The Arabic looks right to me.

Roozbeh Pournader

Comment 19

•

22 years ago

I'm only not sure about U+0640 ARABIC TATWEEL. It's a semi-letter semi-control
character, also something used as a dingbat. I prefer removing it from the list.

Mohammed Elzubeir

Comment 20

•

22 years ago

Well, what other implications are there for keeping it on the list? If all there
is to it is that the fallback is to simply ignore it, then it certainly should
be on the list. After all, the TATWEEL has no significance really (it's a
formatting character to elongate the length of a word). 

But if there's something else I'm missing then please do enligten me ;)

Roozbeh Pournader

Comment 21

•

22 years ago

&#1616;well, Tatweel is sometimes used a hyphen in Persian (the hyphen glyph in many
fonts are a little high for Arabic text), it is sometimes used as a bullet, ...
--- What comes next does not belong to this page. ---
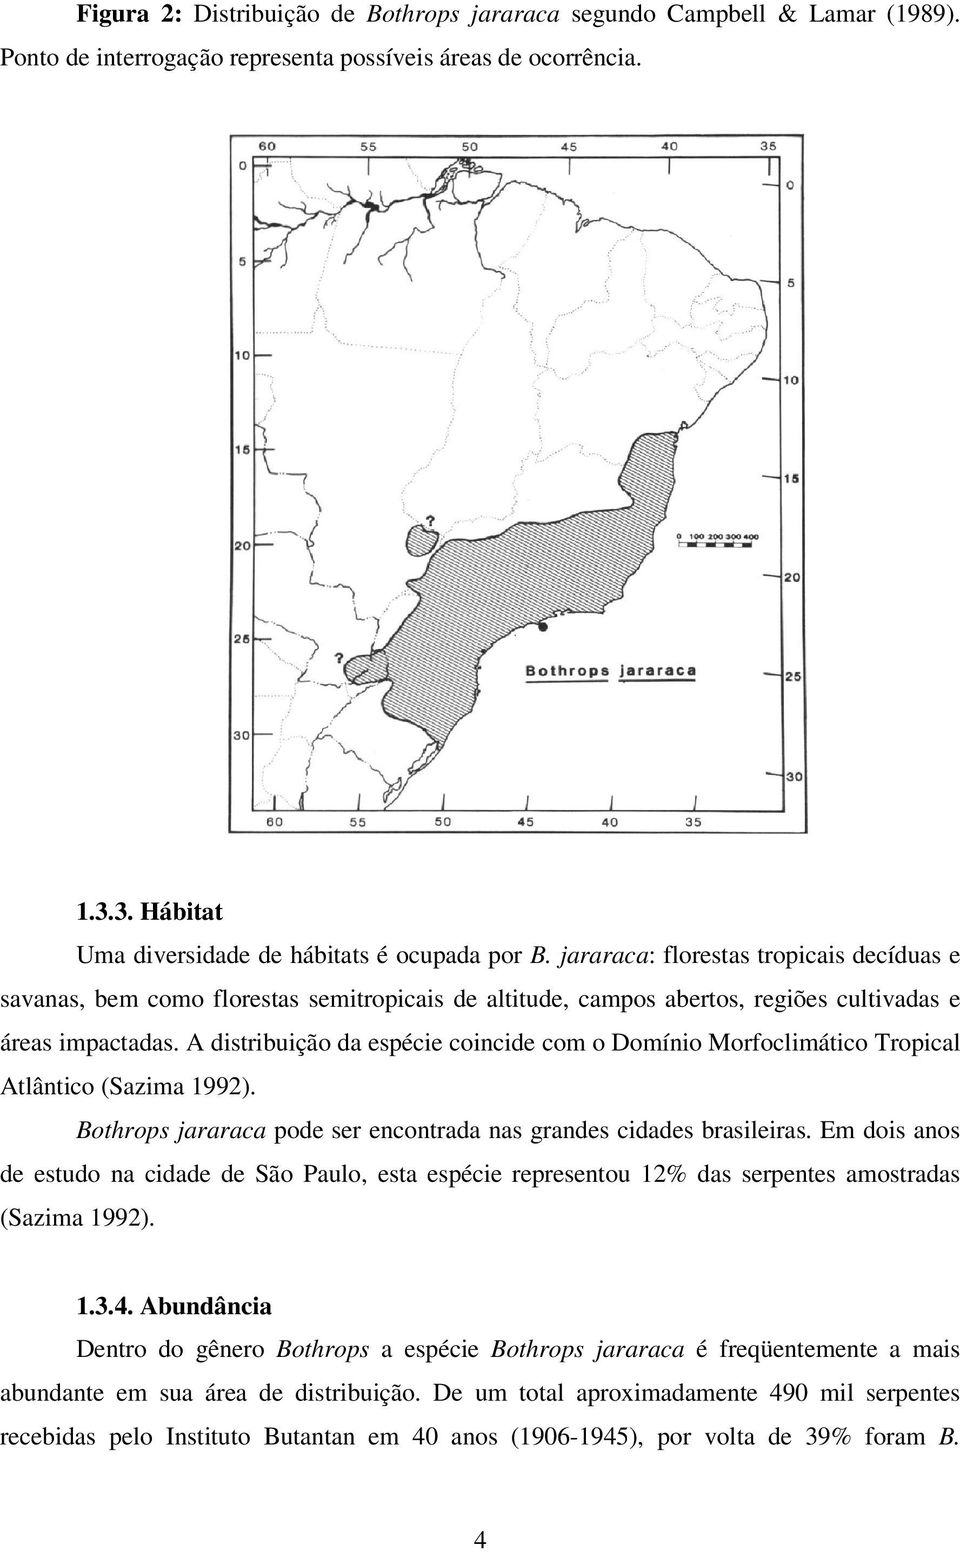 A distribuição da espécie coincide com o Domínio Morfoclimático Tropical Atlântico (Sazima 1). Bothrops jararaca pode ser encontrada nas grandes cidades brasileiras.

These cases are not ignorable, and I prefer seeing a question mark in these
places than nothing, to find that there is a font problem.

Mohammed Elzubeir

Comment 22

•

22 years ago

I am now enlightened, thanks ;) I changed my mind, I would rather not see the
U+0640 in that list.

Frank Tang

Reporter

Comment 23

•

19 years ago

what a hack. I have not touch mozilla code for 2 years. I didn't read these bugs
for 2 years. And they are still there. Just close them as won't fix to clean up.

Status: ASSIGNED → RESOLVED

Closed: 19 years ago

Resolution: --- → WONTFIX

Jungshik Shin

Comment 24

•

19 years ago

This issue is being dealt with in bug 205387

Status: RESOLVED → REOPENED

Resolution: WONTFIX → ---

Travis Chase

Comment 25

•

19 years ago

Mass Reassign Please excuse the spam

Assignee: ftang → nobody

Status: REOPENED → NEW

Simon Montagu :smontagu

Assignee

Comment 26

•

19 years ago

This has wider scope than bug 205387.

Assignee: nobody → smontagu

Depends on: 205387

Behnam Esfahbod [:zwnj]

Updated

•

19 years ago

Blocks: Persian

Phil Ringnalda (:philor)

Updated

•

15 years ago

QA Contact: amyy → i18n

Simon Montagu :smontagu

Assignee

Comment 27

•

15 years ago

Very, very WONTFIX: displaying nothing for a given character can be used as a phishing vector.

Status: NEW → RESOLVED

Closed: 19 years ago → 15 years ago

Resolution: --- → WONTFIX